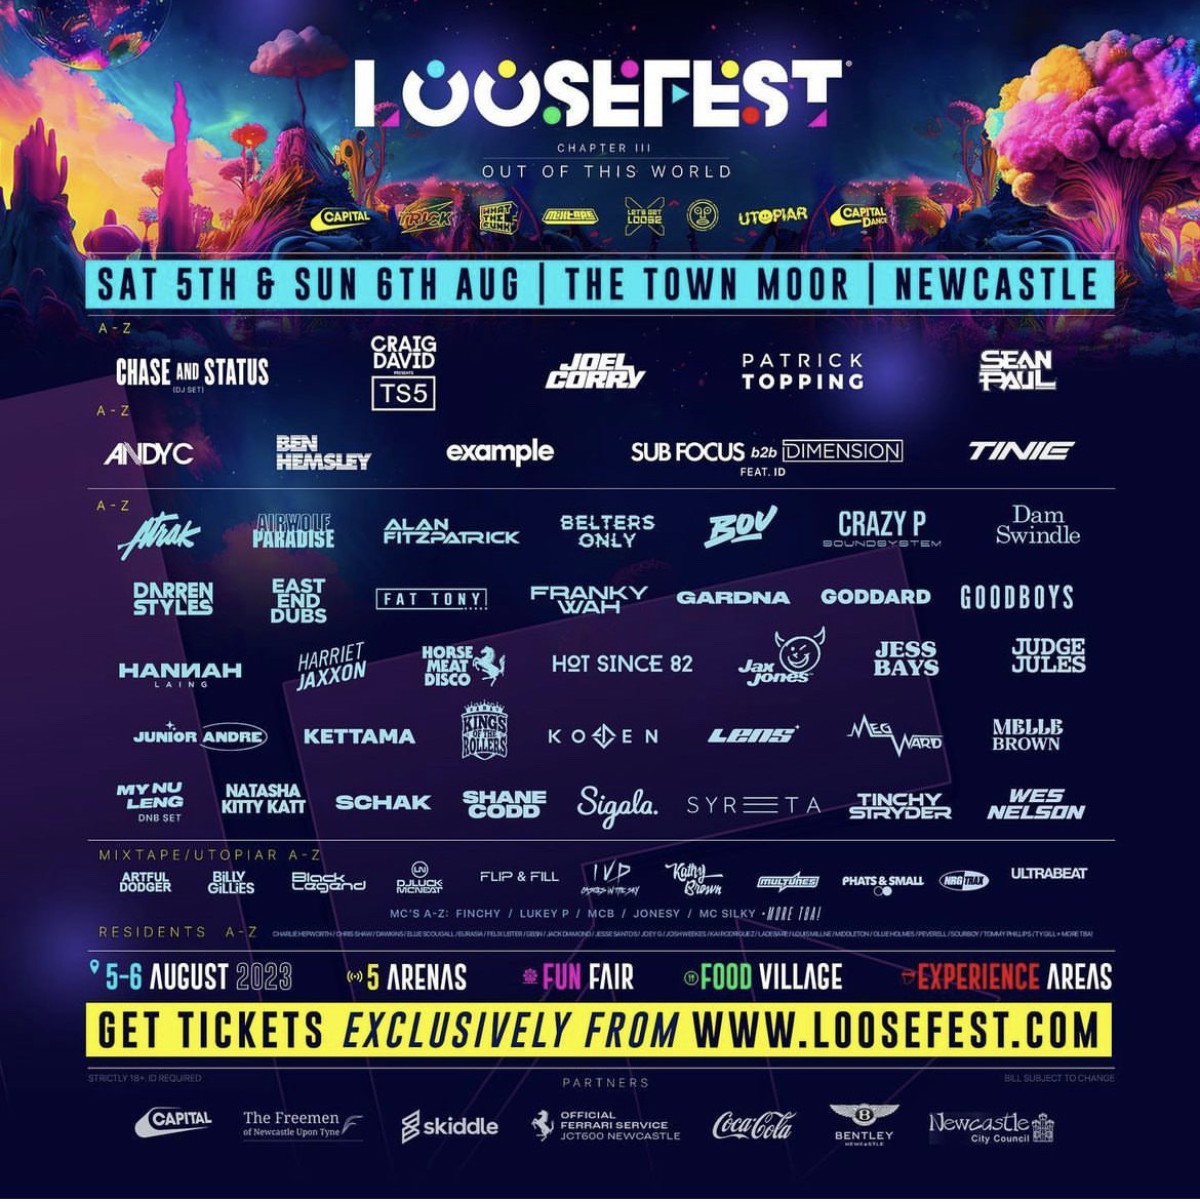 Loosefest' 23 Line Up
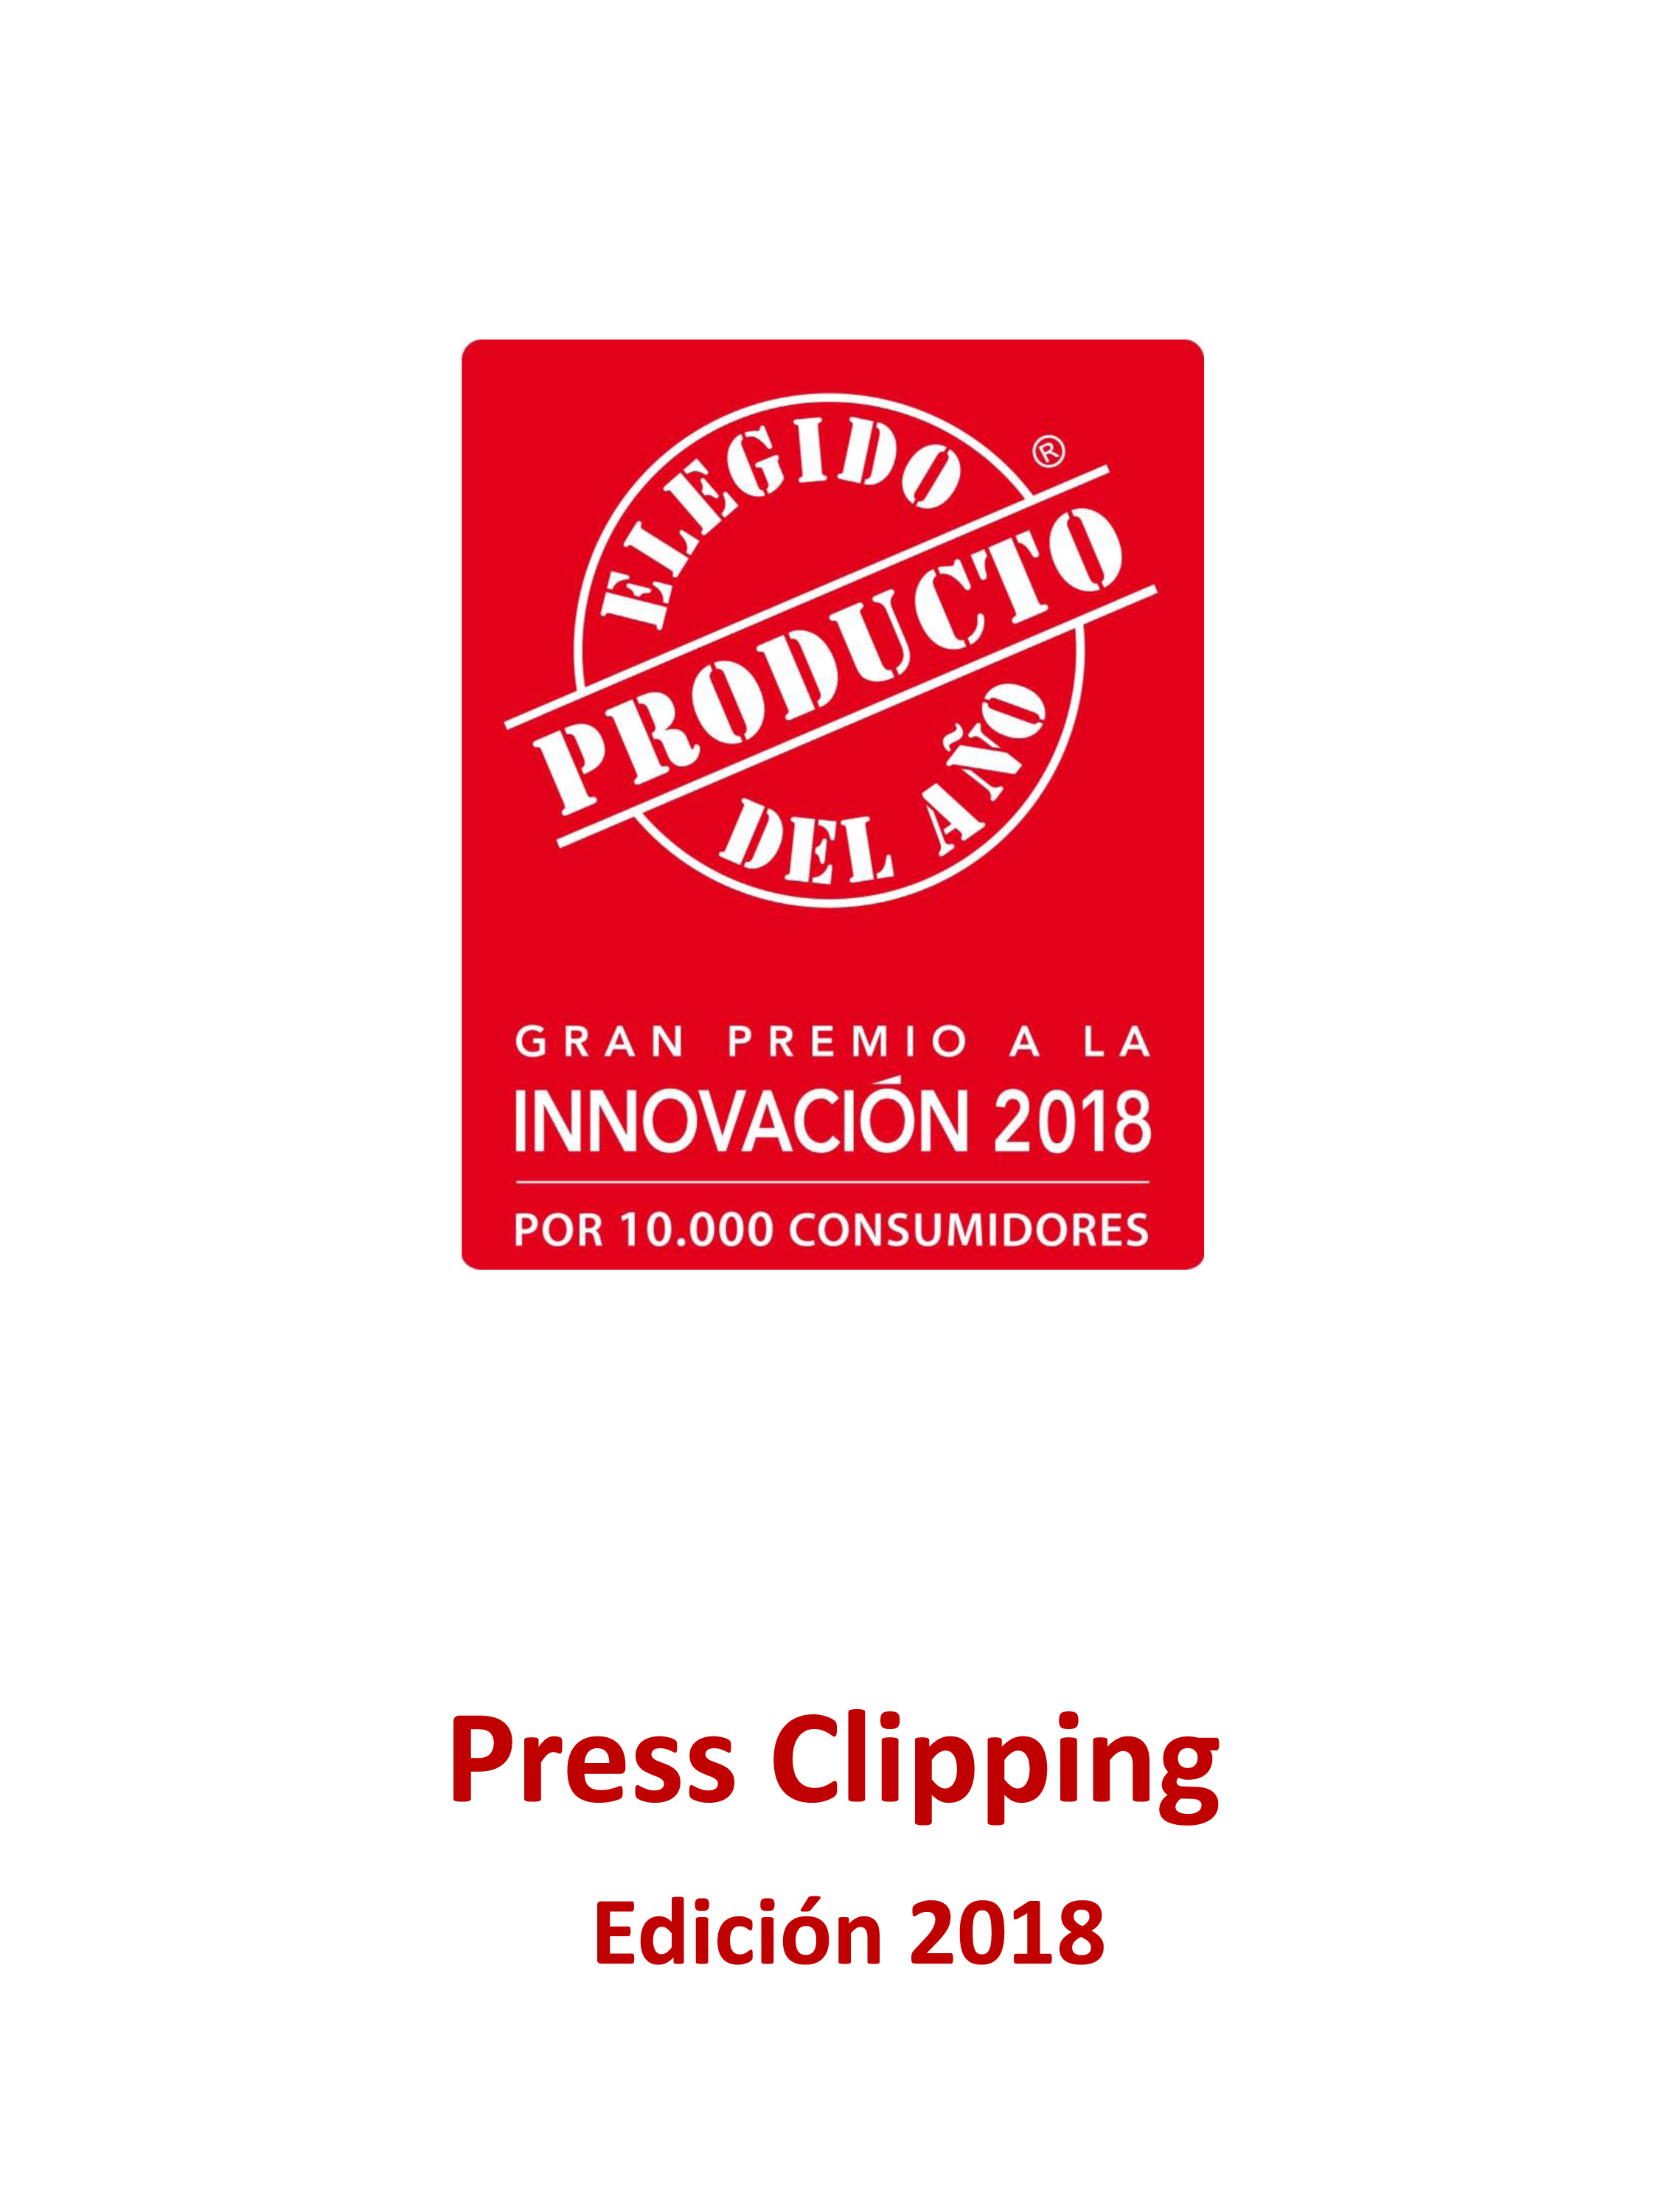 Press Clipping El Producto Del Año 2018 2
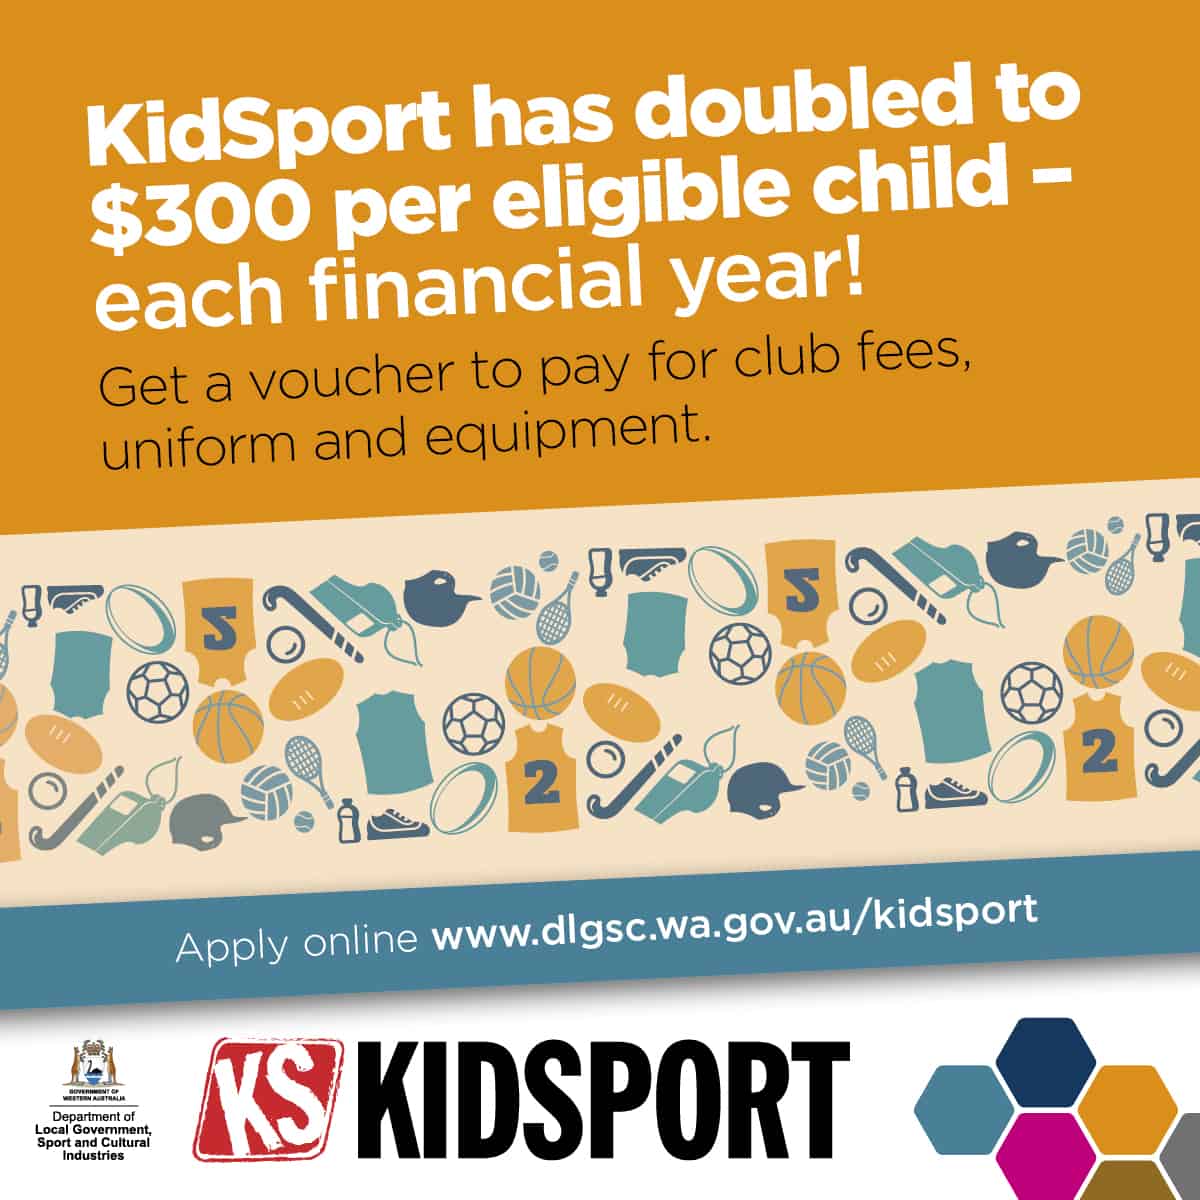 kidsport-club-fees-uniform-and-equipment-1200x-square
= = =
» **Try it**:
The pictures should not be reproduced; quote all of the other material exactly.

» **Result**:
 Loosefest' 23 Line Up
 Press Clipping El Producto Del Año 2018 2
 kidsport-club-fees-uniform-and-equipment-1200x-square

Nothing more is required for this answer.